### The data
┌────────

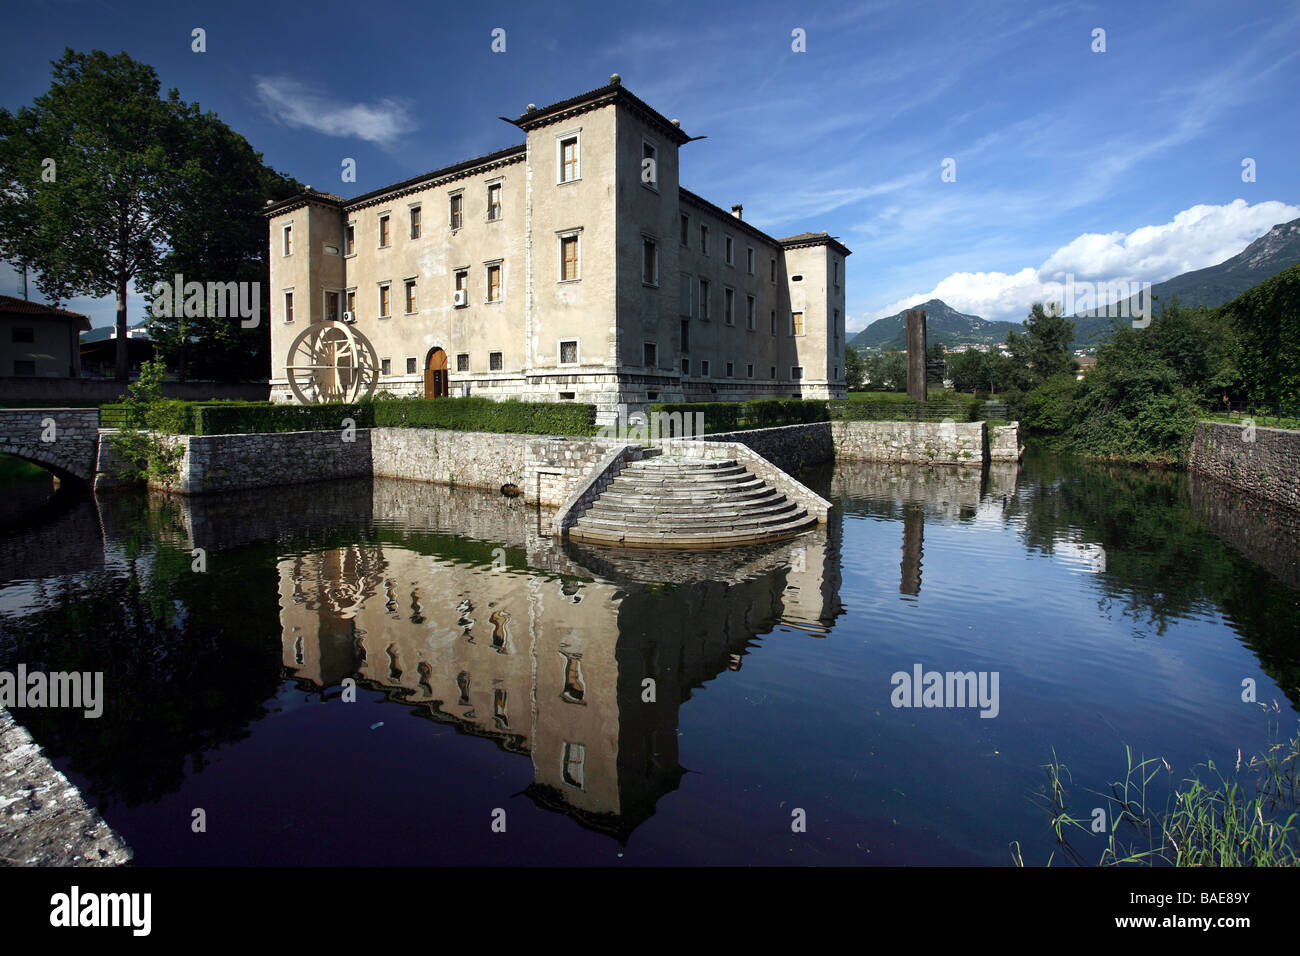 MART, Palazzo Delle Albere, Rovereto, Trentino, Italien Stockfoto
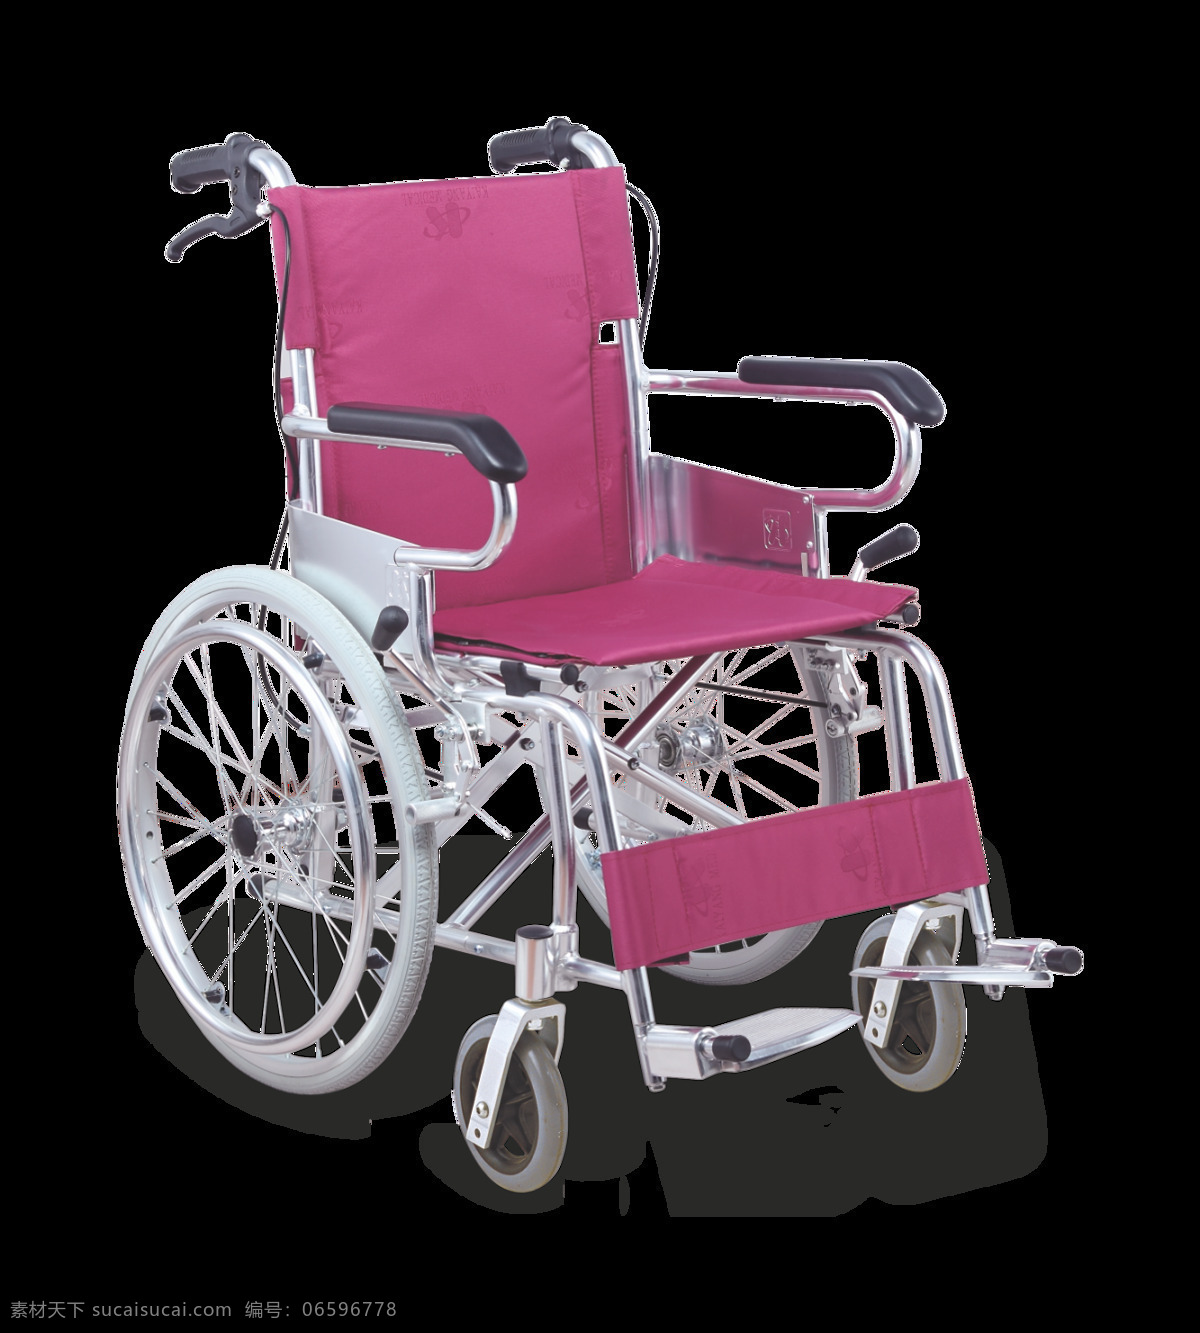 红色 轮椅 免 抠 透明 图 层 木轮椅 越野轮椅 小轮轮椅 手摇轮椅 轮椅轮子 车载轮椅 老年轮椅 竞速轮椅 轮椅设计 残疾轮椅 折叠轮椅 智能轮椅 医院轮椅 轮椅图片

└────────
┌────────

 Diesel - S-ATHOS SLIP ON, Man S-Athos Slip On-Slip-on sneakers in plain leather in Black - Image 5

└────────

### Problem details
Go down the entries above from the line containing "MART, Palazzo Delle" to the line containing "红色 轮椅 免 抠 透明" and write out each line exactly, leaving pictures out.

### Written response
 MART, Palazzo Delle Albere, Rovereto, Trentino, Italien Stockfoto
 红色 轮椅 免 抠 透明 图 层 木轮椅 越野轮椅 小轮轮椅 手摇轮椅 轮椅轮子 车载轮椅 老年轮椅 竞速轮椅 轮椅设计 残疾轮椅 折叠轮椅 智能轮椅 医院轮椅 轮椅图片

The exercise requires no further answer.